Tue Oct 24, 11:31:14 PM EDT  
 SB Gypsy blogged...

The smokers have been by far the most lucrative choice as victim.

You certainly got that right!! They were trying just last year to raise the taxes on cigarettes AGAIN in CT. I had to write a letter to Gov Rell and tell her to back off! I have a co-worker who smokes, has tried to quit over and over, but has a very stressful life, taking care of first her twin sister who was dying of MS, then her best friend's husband who was dying of smoking. She barely makes enough to get by, and they wanted to raise the tax on her again, the fart-faces! I also think the idiots who are trying to outlaw smoking in public OUTSIDE are out of their freakin' minds. I'm just waiting for them to try to outlaw smoking in your own living room, if you have kids.

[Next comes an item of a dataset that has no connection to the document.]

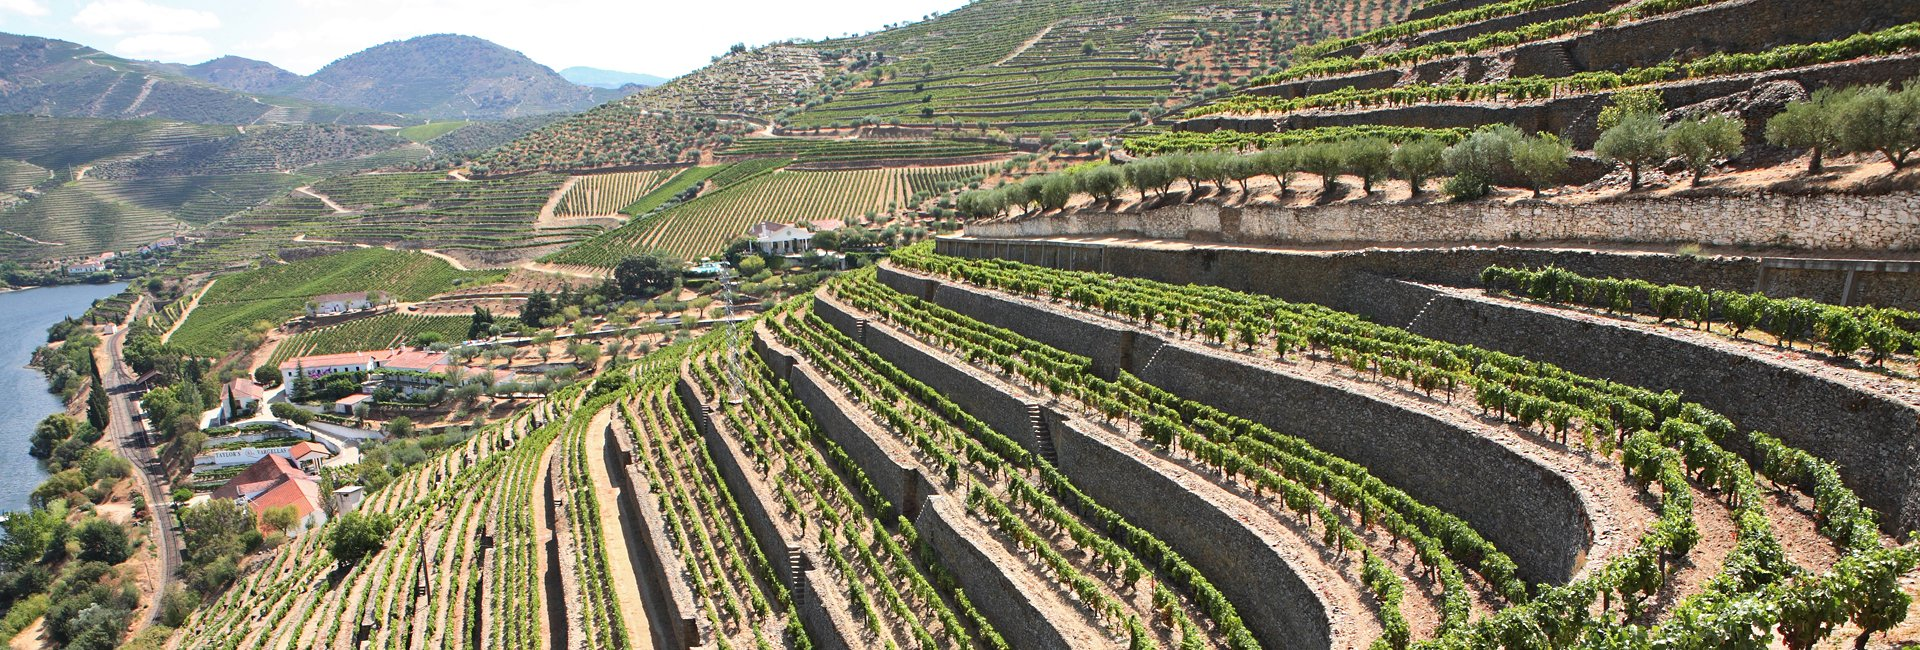 72 Viticultores Associados

But, I've lived thru two different states' moving to ban butts in public places, and the same arguments were made and the same arguments were proven to be bogus. I think if a restaurant has a completely separate and good ventilation system, they should be able to have a smoking room, but who should be forced to work in there, and what would the liability be??

I've also wondered how they got those stats on second hand smoke deaths, but the same numbers keep coming up and are accepted. If they were wrong, surely after 10 years they would have been discredited by the rich companies that make butts... no?

Fri Oct 27, 12:52:10 PM EDT  
 Wild Clover blogged...

Oh, the big tobacco companies have done studies-do they get much airtime? No, because they are immediately discredited as being biased. Nevermind that the other studies are equally biased as being commissioned by agencies who have a vested interest in gaining some of the tobacco profits for themselves-be it idiot smokers winning lawsuits "because they didn't know it was bad for them"(tobacco has been known as harmful and rather nasty for almost as long as it has been used...read Sherlock Holmes stories and it is mentioned there. Common sense says that if smoke inhallation in a burning building is bad for your lungs, then purposely inhaling smoke is bad for your lungs. Agggh.)Or be it polititions who see an opportunity to raise taxes without political backlash, either through things like the "tobacco settlement" giving their states money to do stuff with, or by directly raising the per-pack price. I've seen mention of studies that were in direct contradiction to the evils of second-hand smoke, as well as those that called it worse than ist hand smoke. Problems I've seen are that either the studies are small-too small-or in the large ones there is no way to sort out the myriad environmental and genetic variables...Like my father outlaw whose emphesema is caused by living in NYC and a genetic predisposition, not smoking. Hell, my dad smoked for years, his chest x-rays a couple years later showed no signs he'd ever smoked, yet now he has lung problems due to asbestosis(at least that is the assumption-a firm diagnosis would have involved examining each cell of his pleura under a microscope). I cannot see any way to do a truly controlled experiment to prove the numbers one way or another unless you purposely blow smoke at a group of homogeneous folks in a confined, controlled environment. And the thought of doing possibly deadly experiments on prisoners or military personell is to me Un-American(though it has been done). Maybe buy some poor kids to experiment on and help drop the poverty rate to study the effect on kids?